17.05 - Example: Using the THRESHOLD Option to Recollect Statistics - Advanced SQL Engine - Teradata Database

Teradata Vantage™ - SQL Data Definition Language Syntax and Examples

Product
Advanced SQL Engine
Teradata Database
Release Number
17.05
Release Date
January 2021
Content Type
Programming Reference
Publication ID
B035-1144-175K
Language
English (United States)

The following two requests collect statistics on the o_orderkey and o_orderdatetime columns of the orders table for the first time. The database collects full statistics for both requests, and the system retains the THRESHOLD options at each level.

The first request specifies thresholds of a 10% change in the data or 7 days having passed since statistics were last collected on orders.o_orderkey. While the database does not use these criteria for a first time collection of statistics, it does save them in DBC.StatsTbl to consult for future requests to recollect statistics on orders.o_orderky.

For later requests to recollect statistics on orders.o_orderkey, the database determines whether the percent change in the data exceeds 10% and if more than 7 days have passed since statistics were last collected. If either or both criteria are exceeded, the system recollects the statistics, but if neither criterion is exceeded, the system does not recollect the statistics on orders.o_orderkey.

     COLLECT STATISTICS USING THRESHOLD 10 PERCENT AND THRESHOLD 7 DAYS
     COLUMN o_orderkey
     ON orders;

The second request specifies a system-determined data change threshold. While the database does not use this criterion for a first time collection of statistics, it does save it in DBC.StatsTbl to consult for future requests to recollect statistics on orders.o_orderdatetime.

For later requests to recollect statistics on orders.o_orderdatetime,the database determines whether the percent change in the data since statistics were last collected exceeds the system-determined threshold criterion. If it does, the system recollects the statistics, but if it does not, the system does not recollect the statistics on orders.o_orderdatetime.

    COLLECT STATISTICS USING SYSTEM THRESHOLD
     COLUMN o_orderdatetime
     ON orders;

The database stores the thresholds you specify and uses them for future requests to recollect statistics on the o_orderkey or o_orderdatetime columns of orders.

The following request recollects statistics on the orders table.
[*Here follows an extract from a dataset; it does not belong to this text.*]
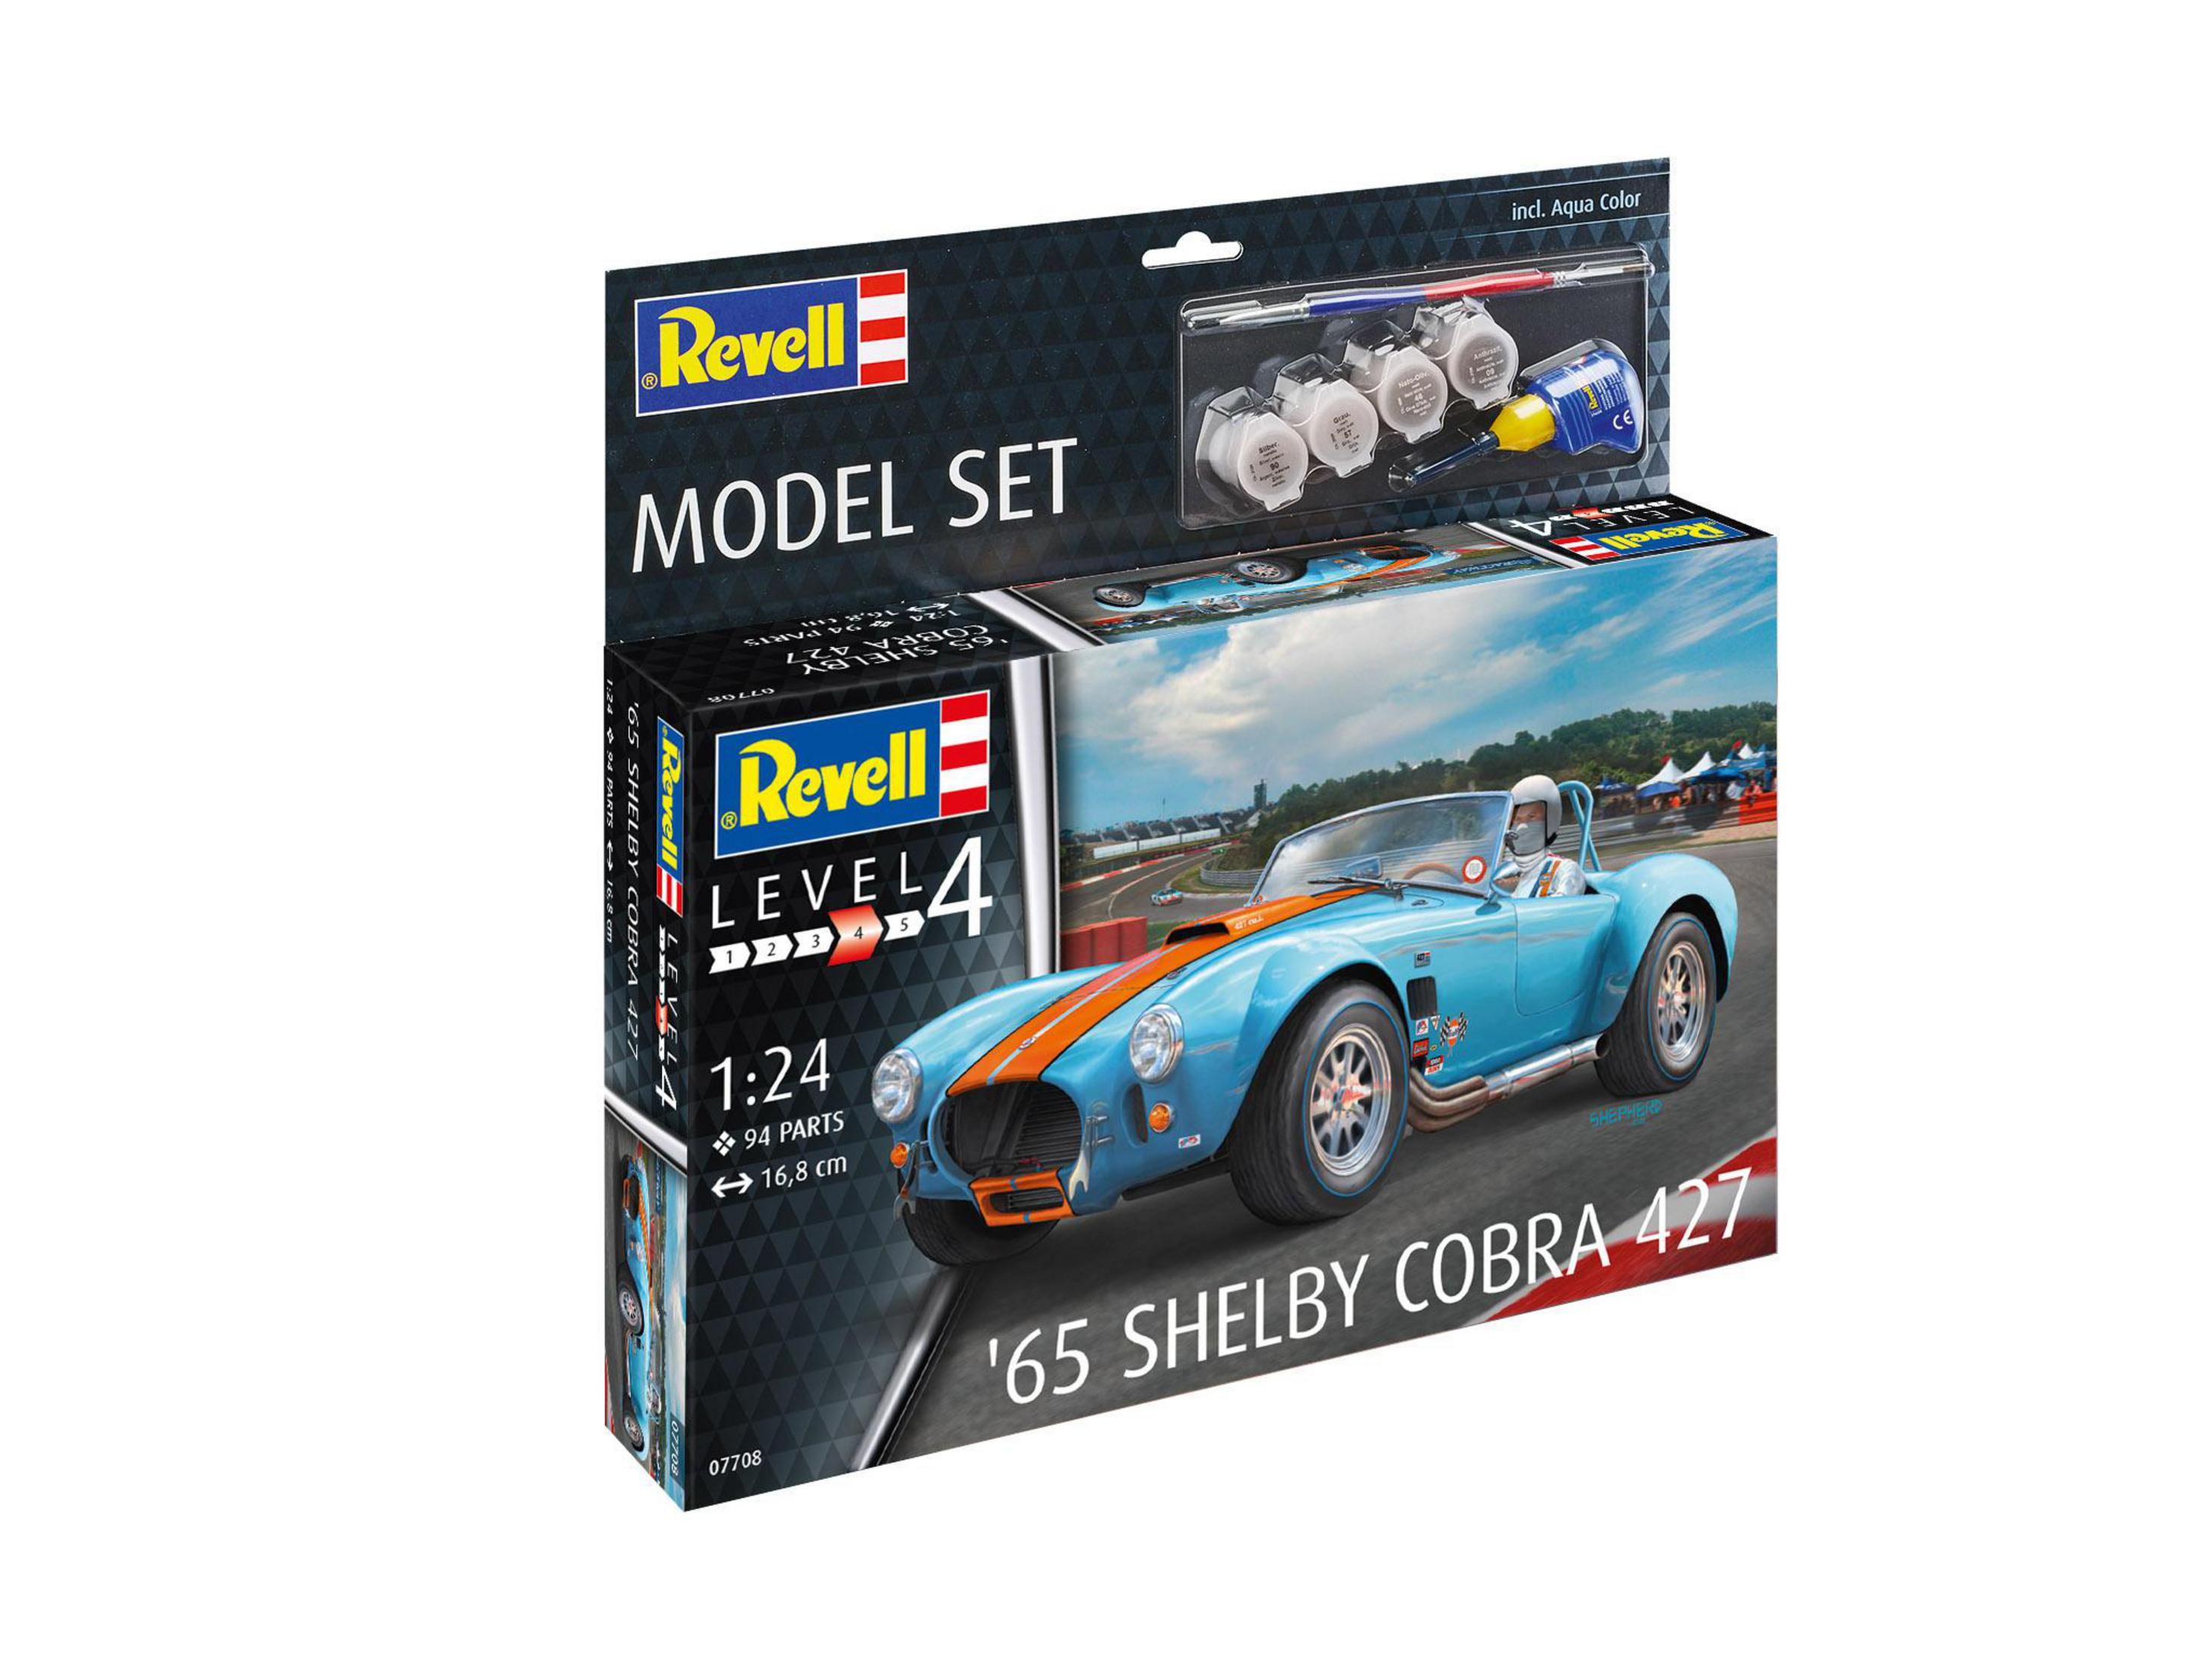 REVELL Modellbausatz, SHELBY Blau/Rot SET 65 MODEL 427 67708 COBRA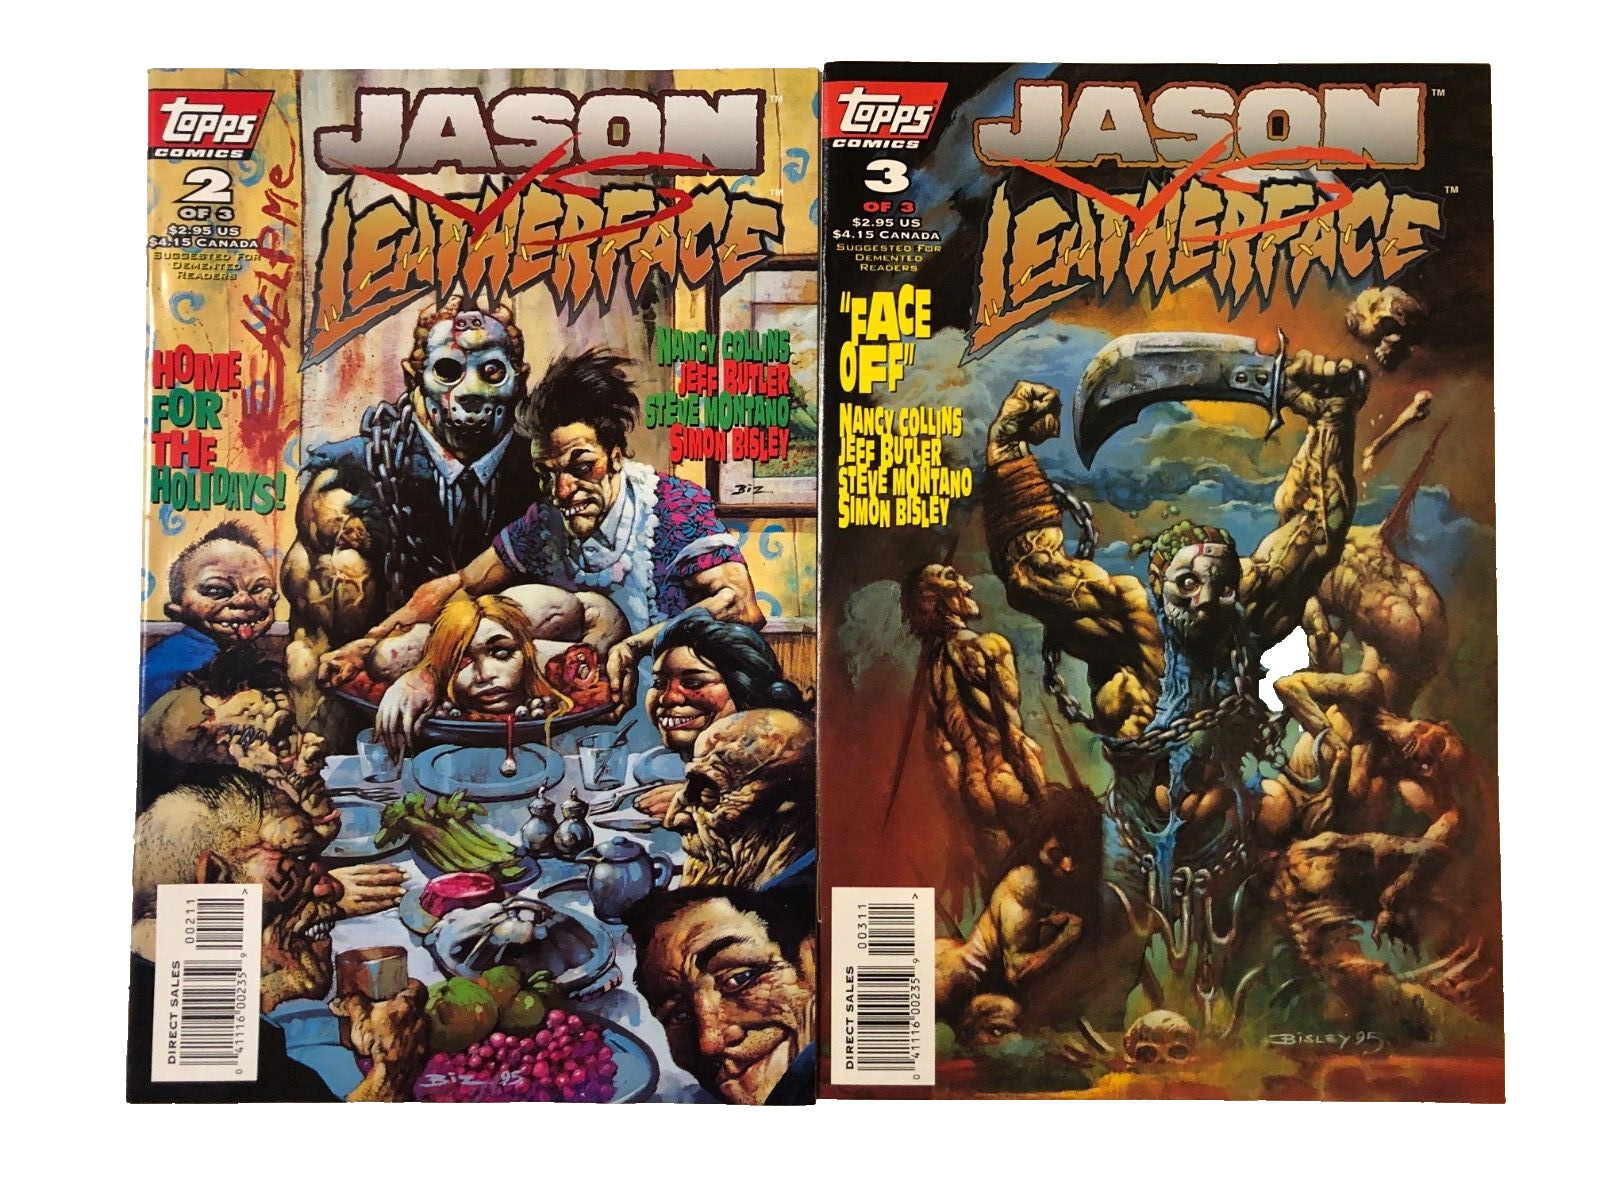 Jason vs Leatherface 2 & 3 Topps Comics

Based on the THRESHOLD settings that were in place when the statistics were collected, the Optimizer does not recollect statistics on orders.o_orderkey if the table growth is less than 10% or the age of the statistics is less than 7 days. The database only recollects these statistics if the growth exceeds either 10% or the age is greater than 7 days. Similarly, if the growth of the column o_orderdatetime is less than the system-selected threshold for o_orderdatetime, the Optimizer does not recollect those statistics.

     COLLECT STATISTICS ON orders;

Depending on the settings for the THRESHOLD option in those requests, the following criteria determine whether the Optimizer actually recollects the requested statistics.

  • If the growth in cardinality of orders is less than 10% and if the existing statistics are less than 7 days old, the Optimizer does not recollect those statistics.

    Even though you specified both a growth percentage threshold and a number of days threshold, both criteria need not be met for the database to recollect statistics on o_orderkey. For example, if the system determines that the growth percentage of the table exceeds its system-determined threshold, it recollects the specified statistics even if the number of days threshold is not exceeded.

  • If the growth in cardinality of orders is less than the system-selected threshold for o_orderdatetime, the Optimizer does not recollect those statistics.

    The thresholds that the database selects depend on the history of the column update-delete-insert counts from the last statistics collection, and so forth. For details, see Teradata Vantage™ - SQL Request and Transaction Processing, B035-1142.

The intent of the following request is to recollect statistics on orders.o_orderdatetime if the established thresholds are met. If the growth of the table is less than the system-selected threshold, the Optimizer does not recollect the requested statistics.

     COLLECT STATISTICS 
     COLUMN o_orderdatetime
     ON orders;

The intent of the following request is to recollect statistics on o_orderdatetime with a user-specified growth threshold of 10%. If the table growth is not greater than 10%, the Optimizer does not recollect the requested statistics. The database records the newly specified THRESHOLD percentage so it can be used for future recollections of statistics.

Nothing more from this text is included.